___ Data

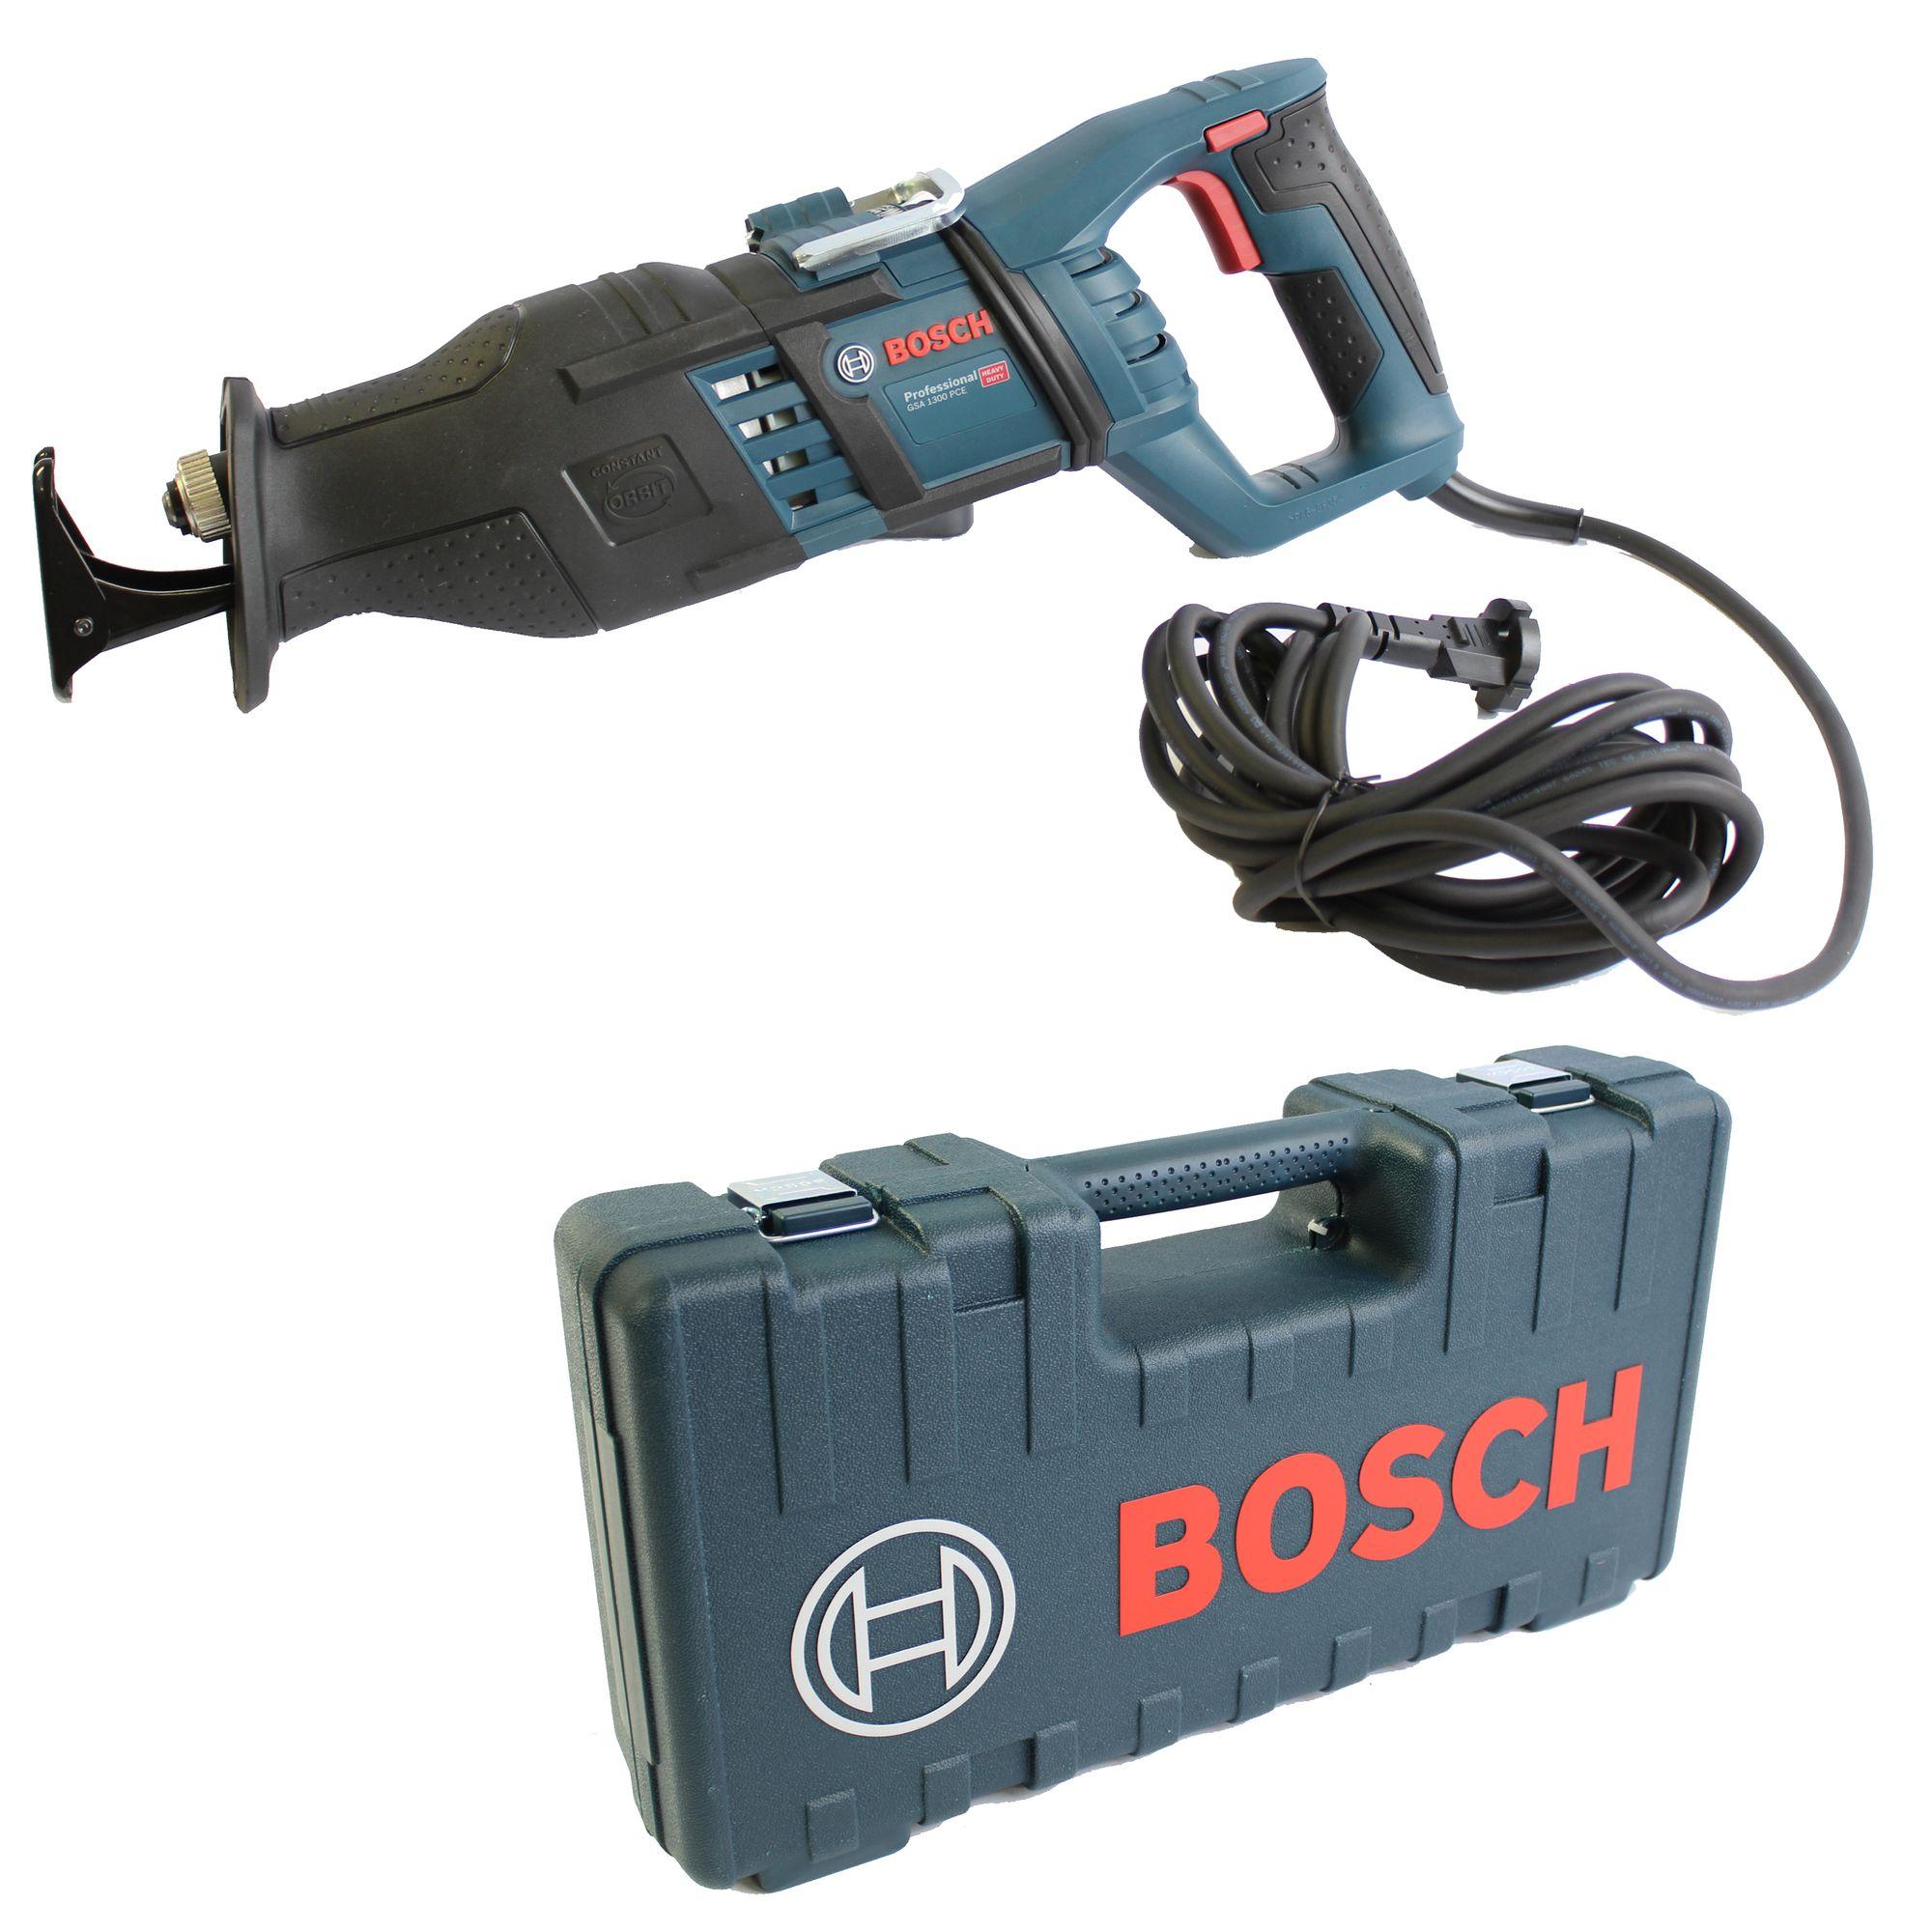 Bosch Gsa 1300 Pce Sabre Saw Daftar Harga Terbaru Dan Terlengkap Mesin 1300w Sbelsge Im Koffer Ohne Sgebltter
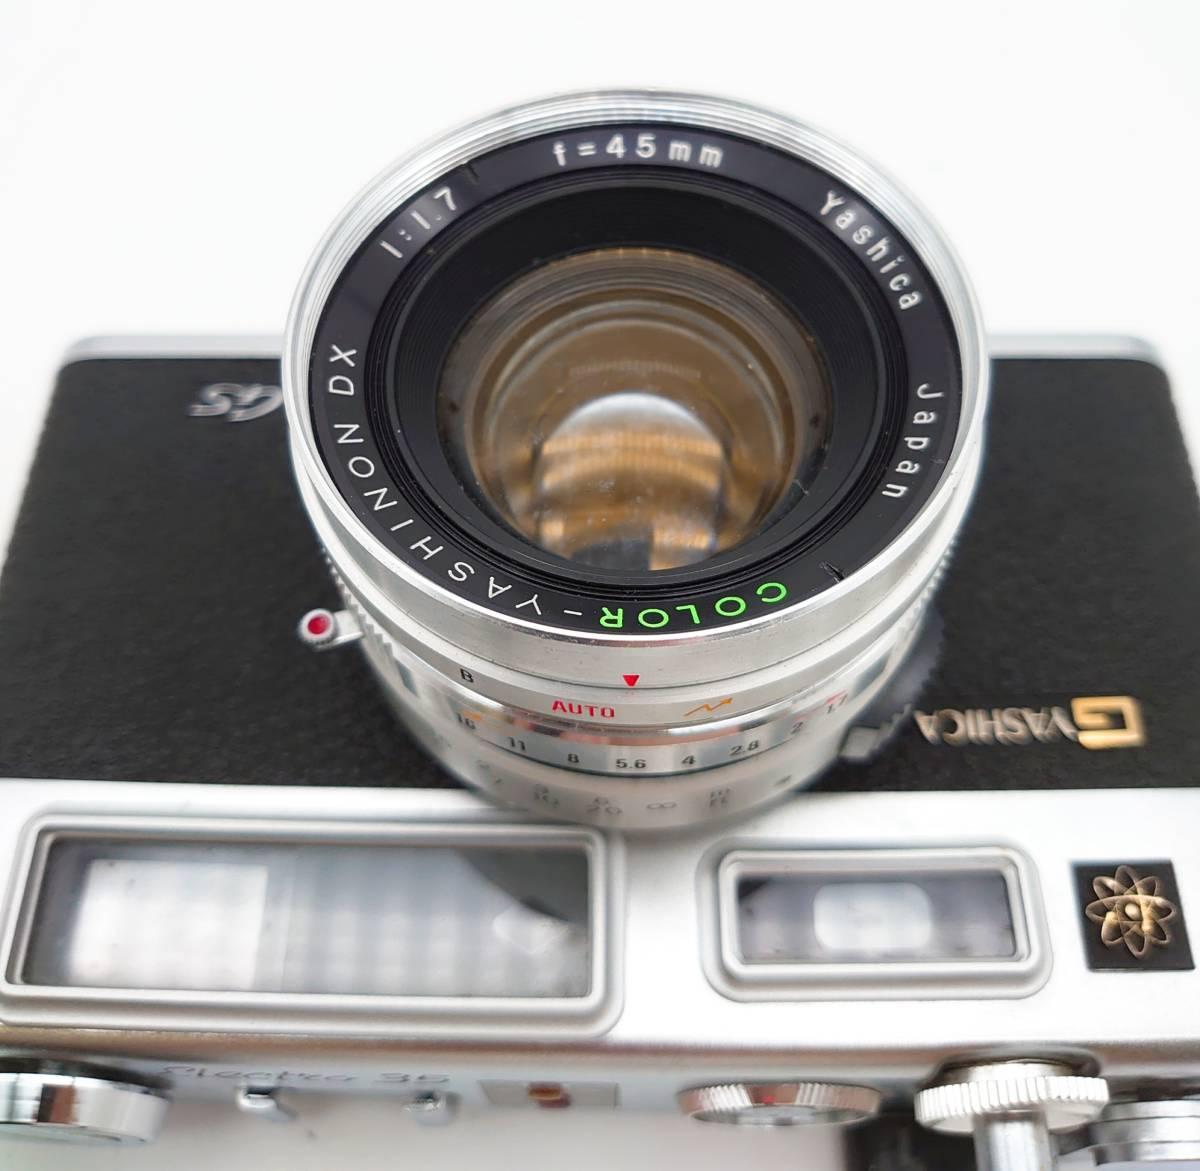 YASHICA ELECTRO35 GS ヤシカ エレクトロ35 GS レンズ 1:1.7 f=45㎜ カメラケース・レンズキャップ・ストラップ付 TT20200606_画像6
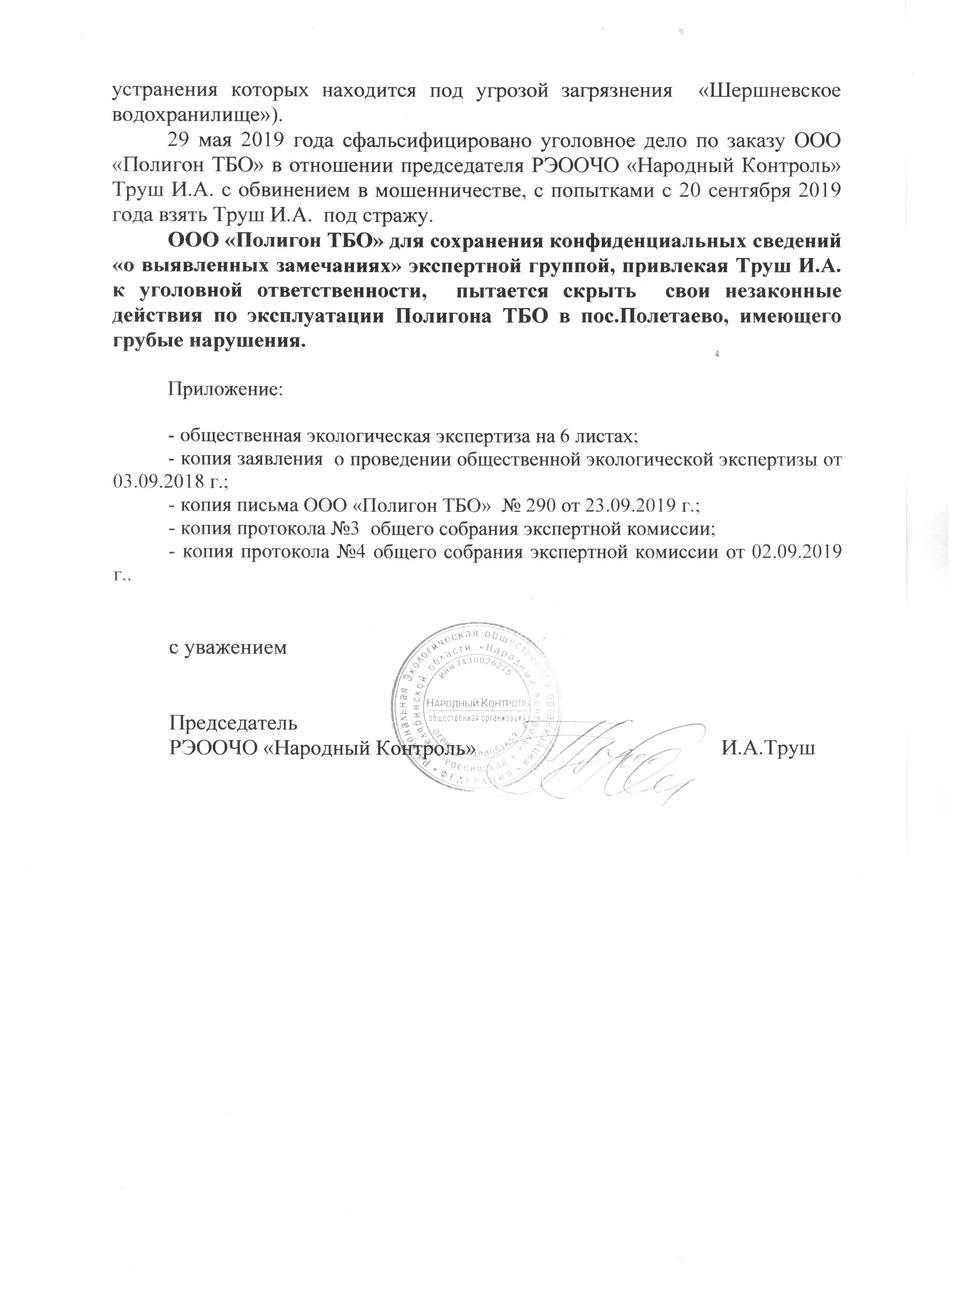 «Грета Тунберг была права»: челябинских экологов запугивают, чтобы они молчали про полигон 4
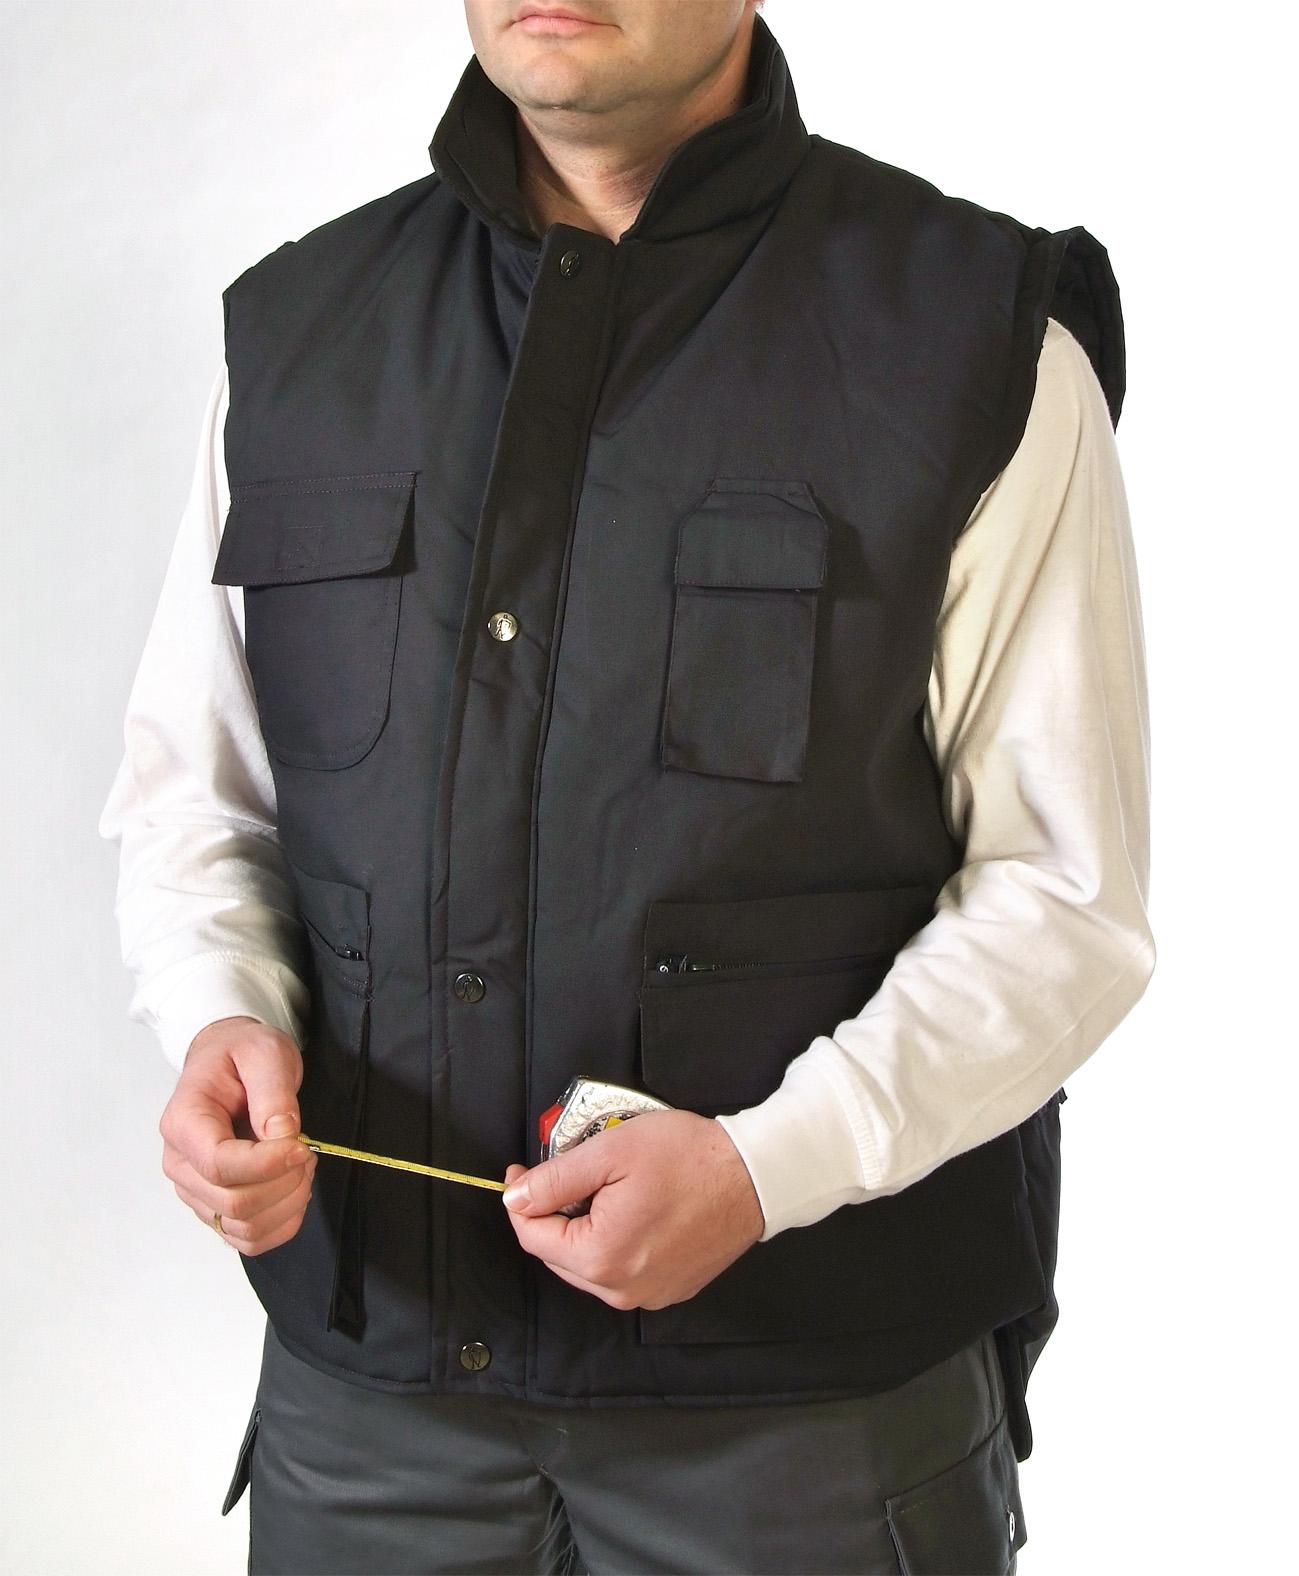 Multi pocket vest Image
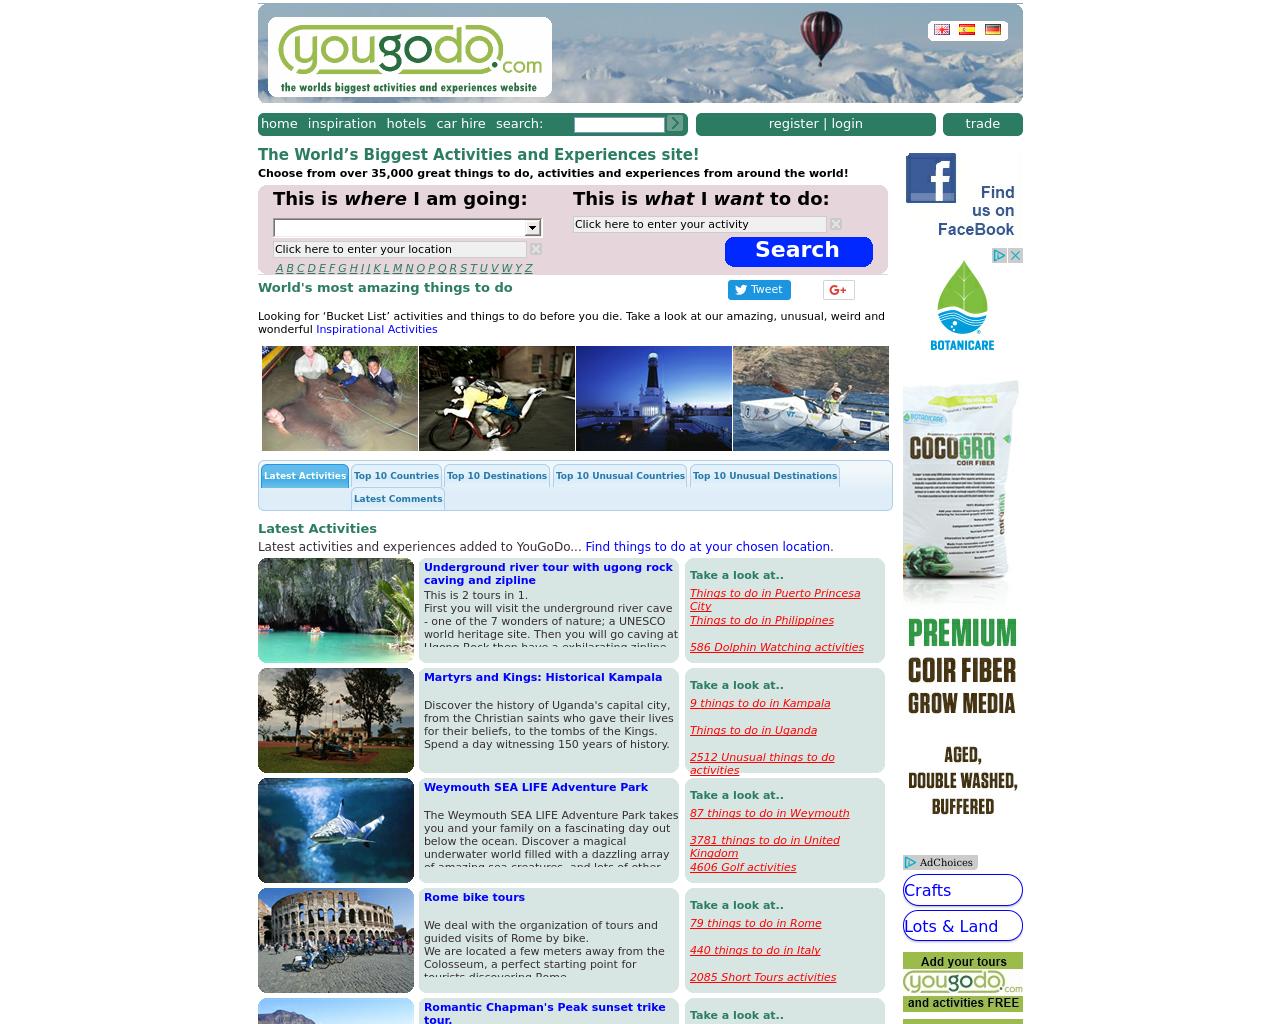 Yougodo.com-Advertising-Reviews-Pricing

______

Every line from the one containing "про полигон 4" to the final line of the records must be transcribed exactly, both ends included, with the pictures left out.

- [Output for this exercise]:
 «Грета Тунберг была права»: челябинских экологов запугивают, чтобы они молчали про полигон 4
 Multi pocket vest Image
 Yougodo.com-Advertising-Reviews-Pricing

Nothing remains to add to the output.